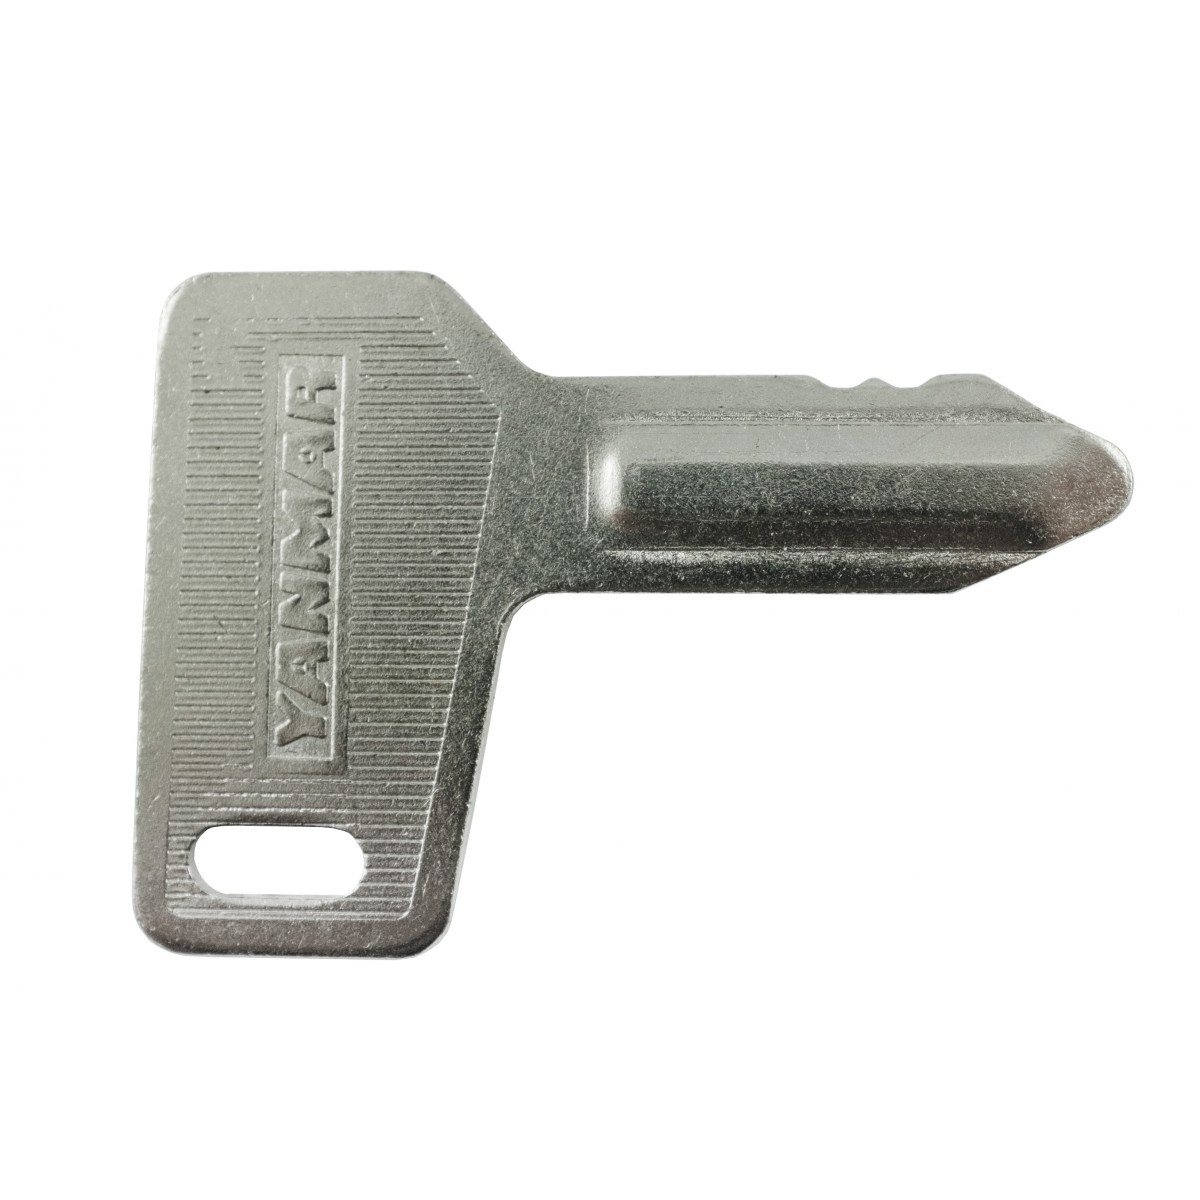 Schlüssel, Schlüssel zum Zündschalter Yanmar 301, John Deere, Kubota. 933110-00301
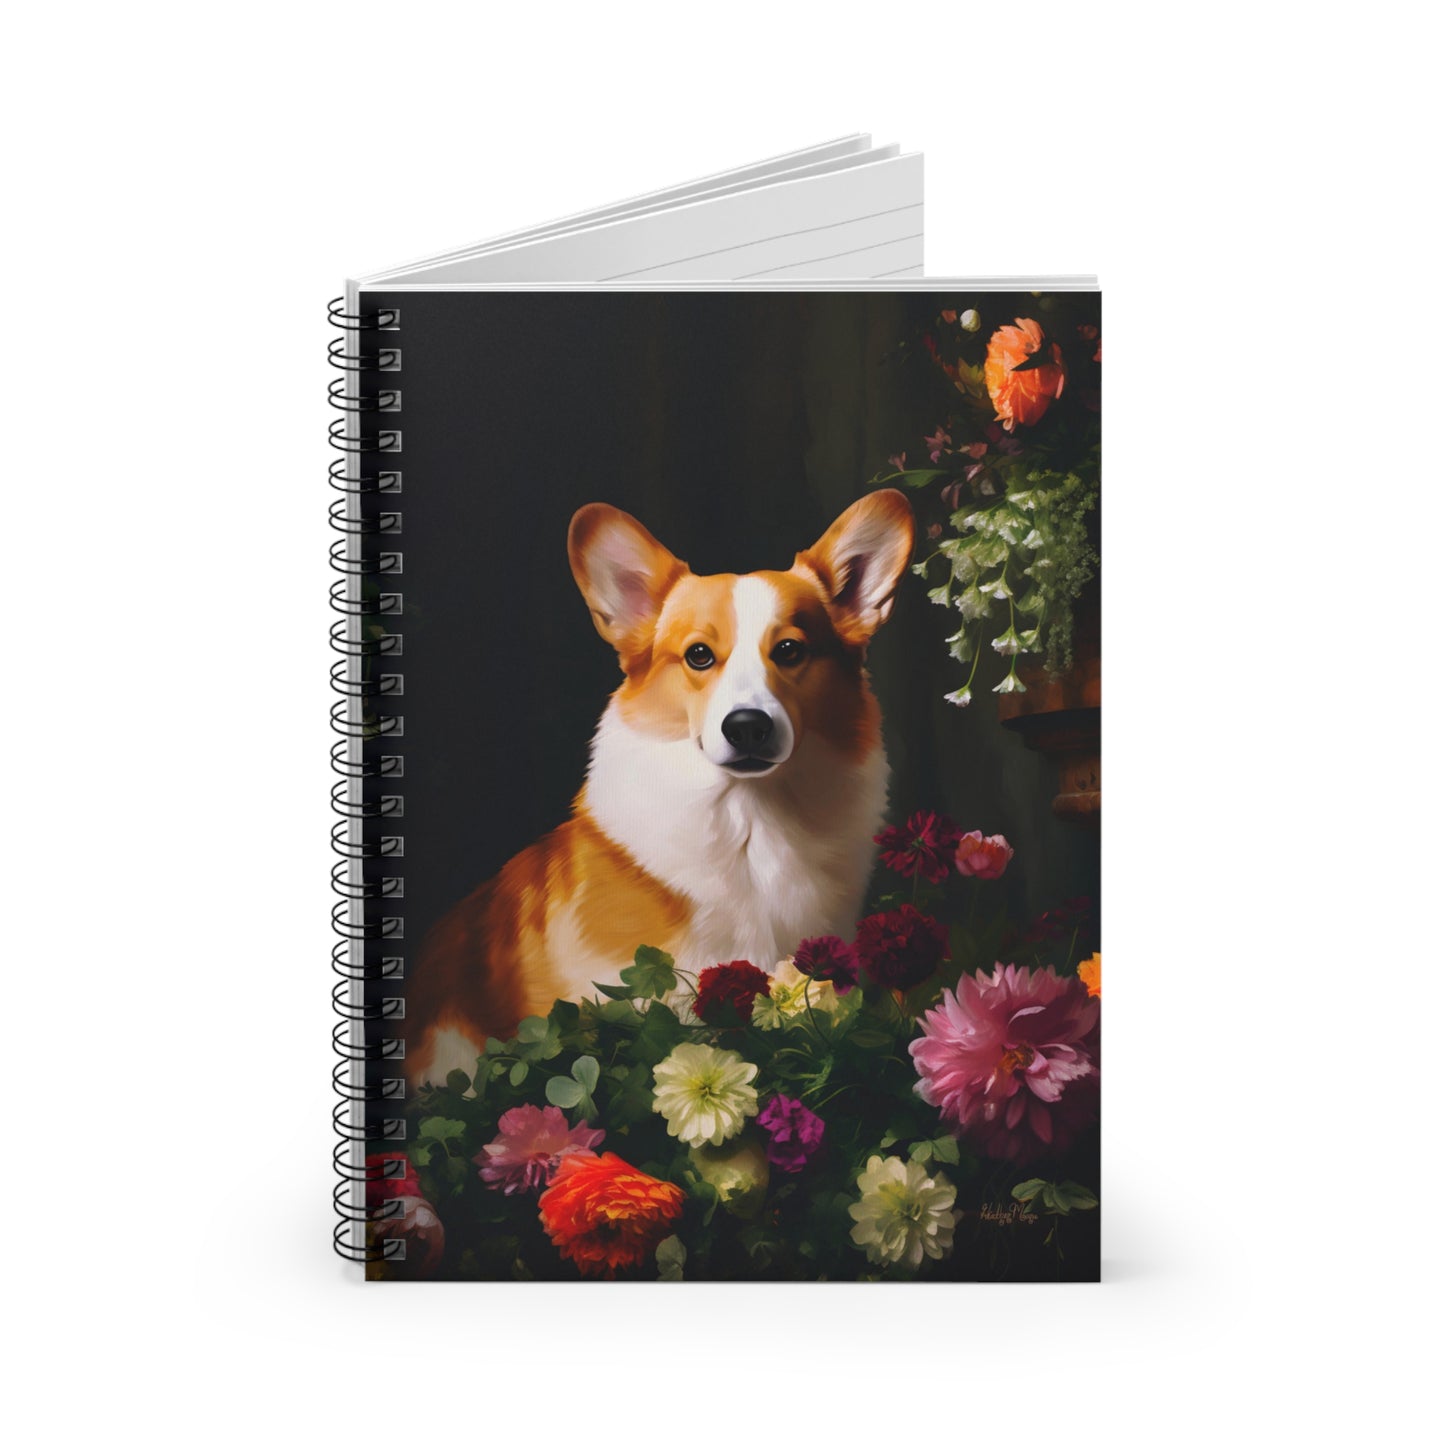 Corgi Amongst Flowers | Ruled Line Spiral Notebook
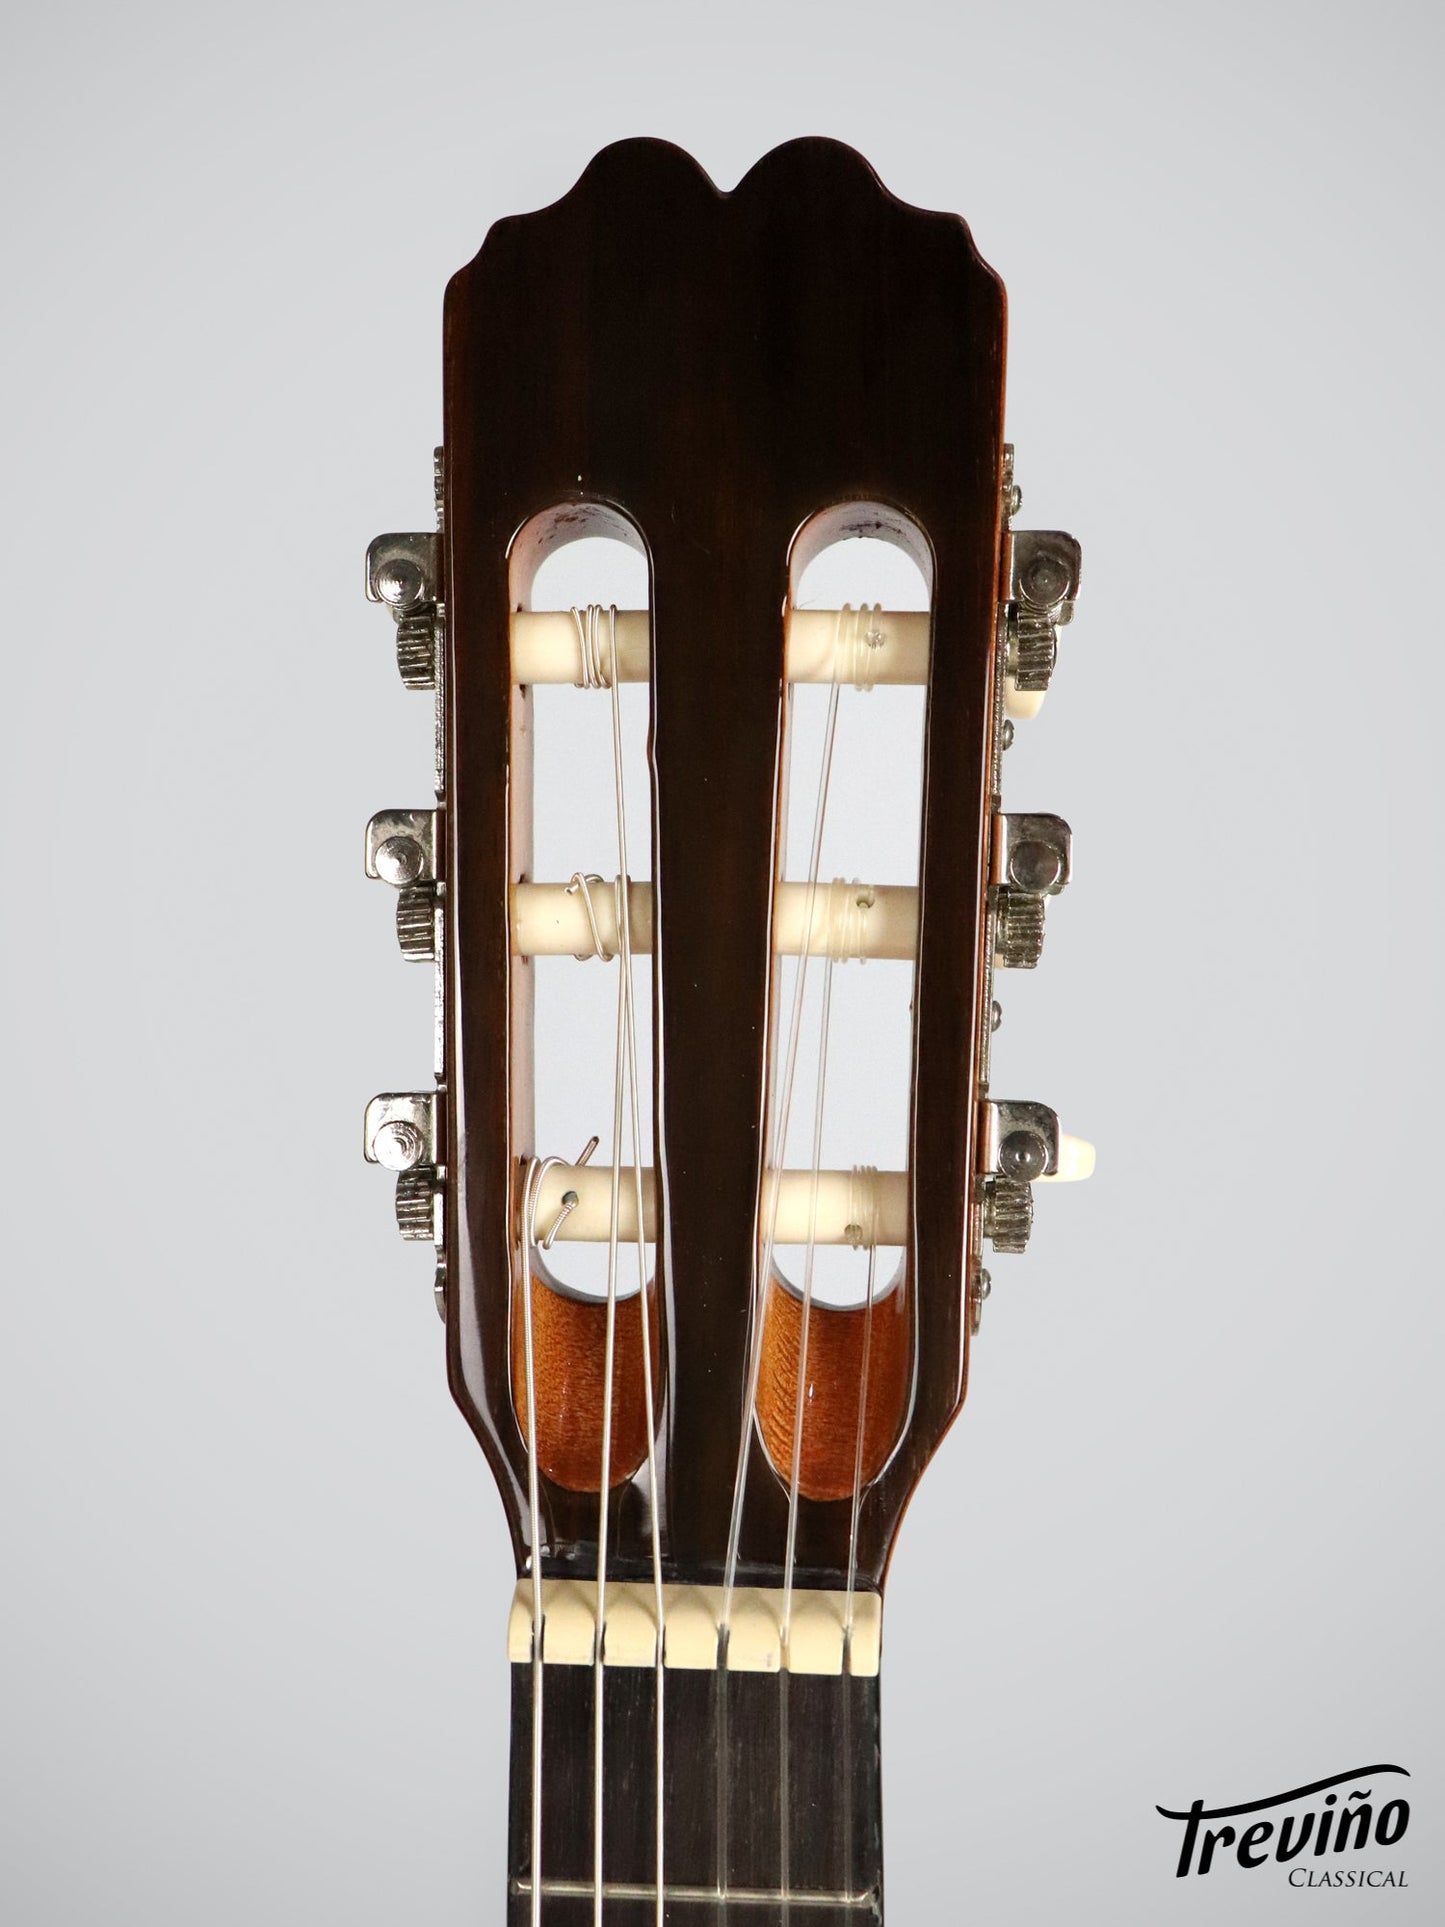 Trevino C393-59 Classical Guitar Nylon String (Natural) 3/4 Size

_____

Nothing but the listing, copied exactly and stripped of its images, should appear in the response.

 Schlüssel, Schlüssel zum Zündschalter Yanmar 301, John Deere, Kubota. 933110-00301
 Corgi Amongst Flowers | Ruled Line Spiral Notebook
 Trevino C393-59 Classical Guitar Nylon String (Natural) 3/4 Size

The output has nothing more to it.